The Electoral College is still necessaryBy Sarah Howard | 11/21/2016 9:48am
CW / Kylie Cowden
The Electoral College is a constitutional institution, even though it is not necessarily named as such. It was originally outlined in Article II, Section 1 of the constitution and the process was later updated through the addition of the Twelfth Amendment. Our Founding Fathers believed that the Electoral College was a process vital to the survival of our country, and I agree. In order to explain and outline the intention behind each element of the Constitution, John Jay, James Madison and now-pop culture icon Alexander Hamilton wrote several essays titled “The Federalist Papers.” Number 68, likely written by Hamilton himself, goes into explicit detail regarding the purpose of delegated electors casting votes rather than a popular election. One of the most important reasons was to prevent a corrupt president from taking office, ensuring that the electors would be a small group of people without any government position, minimizing the possibilities for a president to ask for re-election as a quid pro quo.
The significance of the Electoral College is furthered by understanding that a candidate who can earn the vote of multiple states, each with their own personality, was more practical than one who pandered solely to a large populous area.
Alexander Hamilton wanted to create a system where the president was elected by the people, but not directly.

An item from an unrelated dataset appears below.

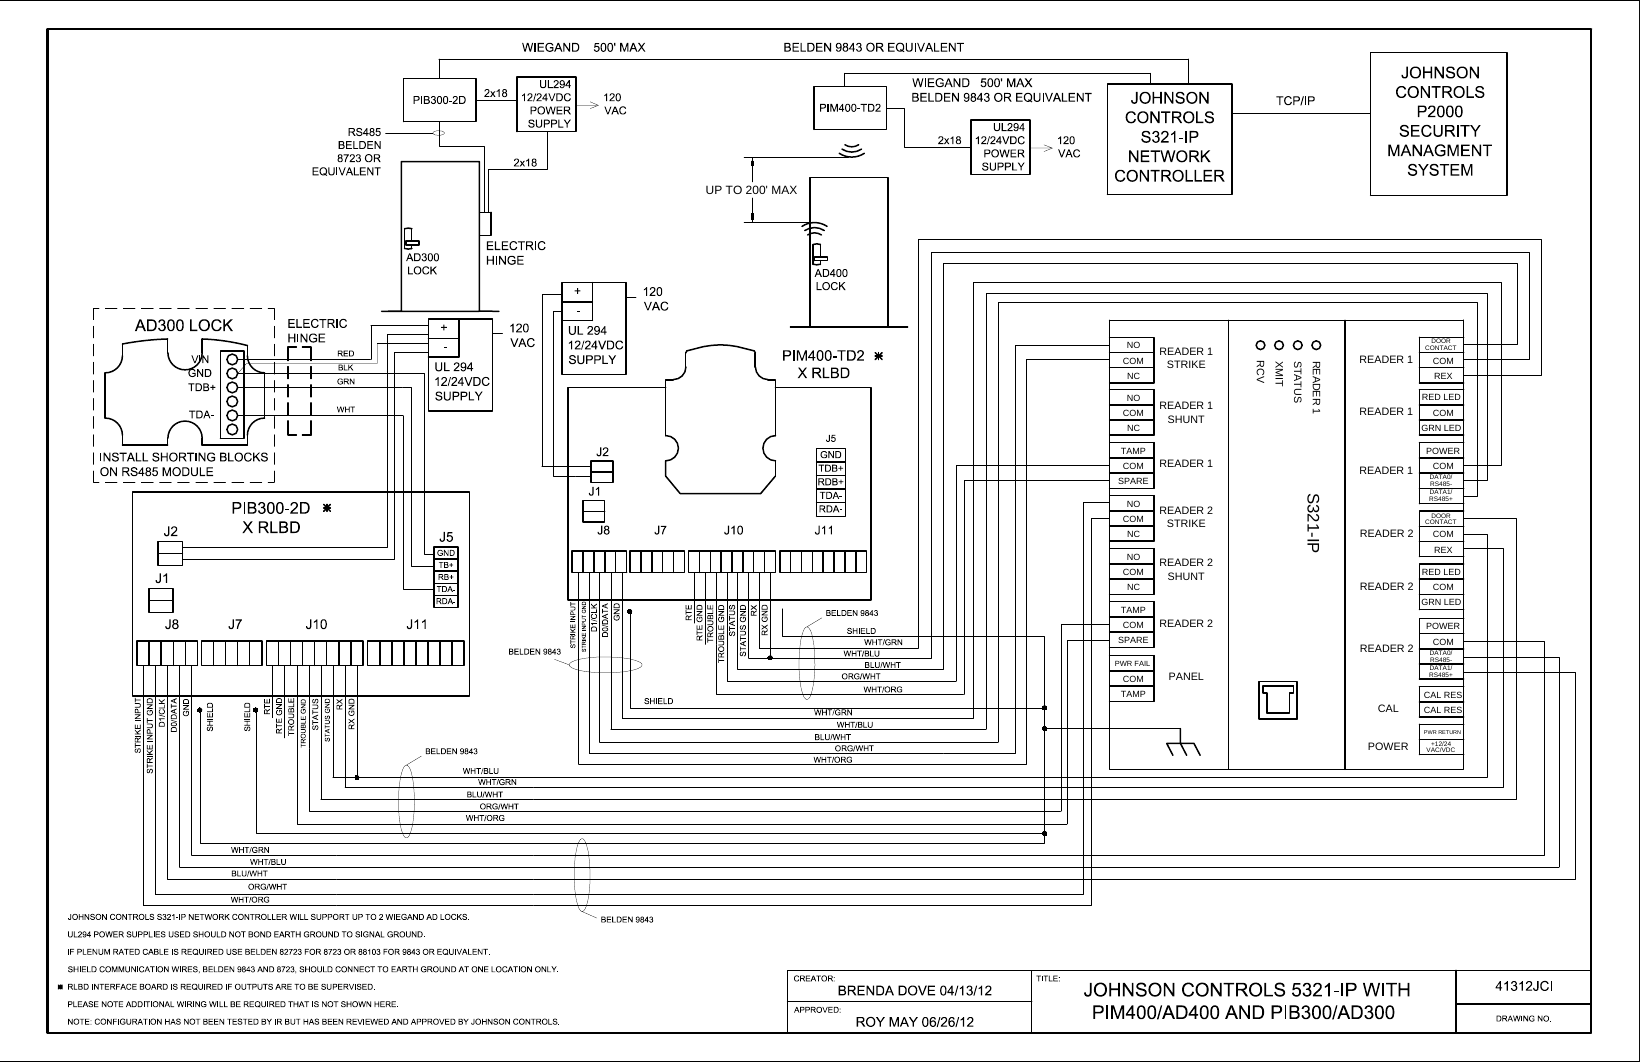 schlage electronics ad300 ad400 wiring diagram johnson

This is one of the most vital differences in a complete democracy and the representative republic that the United States of America truly is. The concept of a popular vote that defines a democracy is one that might seem fair, and Hillary Clinton’s win over the popular vote has sparked an outrage due to perceived injustice caused by the current electoral process.
I was surprised as any about Donald Trump’s election to the presidency; the polls had been in Clinton’s favor for weeks. I believe that the polls were off because of the social stigma in existence across the country for people that supported Trump. To be vocal about supporting Trump meant accepting that you would be called a racist, xenophobe or bigot. When asked directly about their position on a presidential candidate, it cannot be denied that people respond differently than they did in the privacy of a voting booth.
The logic behind Trump’s eventual election is for a different day, but for now I want to say that without the Electoral College it is possible that Hillary Clinton still would not have won the presidency. When a person resides in a state that has historically sided with one party overwhelmingly, their individual vote might feel “wasted” to the point where it is not worth their time to even cast a ballot. In a government system sans-electors, a vote from any state holds the exact same weight and there could very well be larger voter turnout as well. Trump supporters in “blue” states might have avoided voting in this election and if they hadn’t, the popular vote might have ended up in his favor as well.
I am in no way saying that the popular vote is unbiased compared to our current process, rather I am saying the exact opposite. A president who merely needs to reach a majority of citizens would only need to visit high-population areas, typically urban ones with pointedly different interests than those from rural areas. Our government would effectively be elected and controlled by a few certain areas and the rest could be ignored for all practical purposes. Our country was founded on the voices of the many and since day one the Electoral College has served in this specific interest.
Sarah Howard is a junior majoring in chemistry. Her column runs biweekly.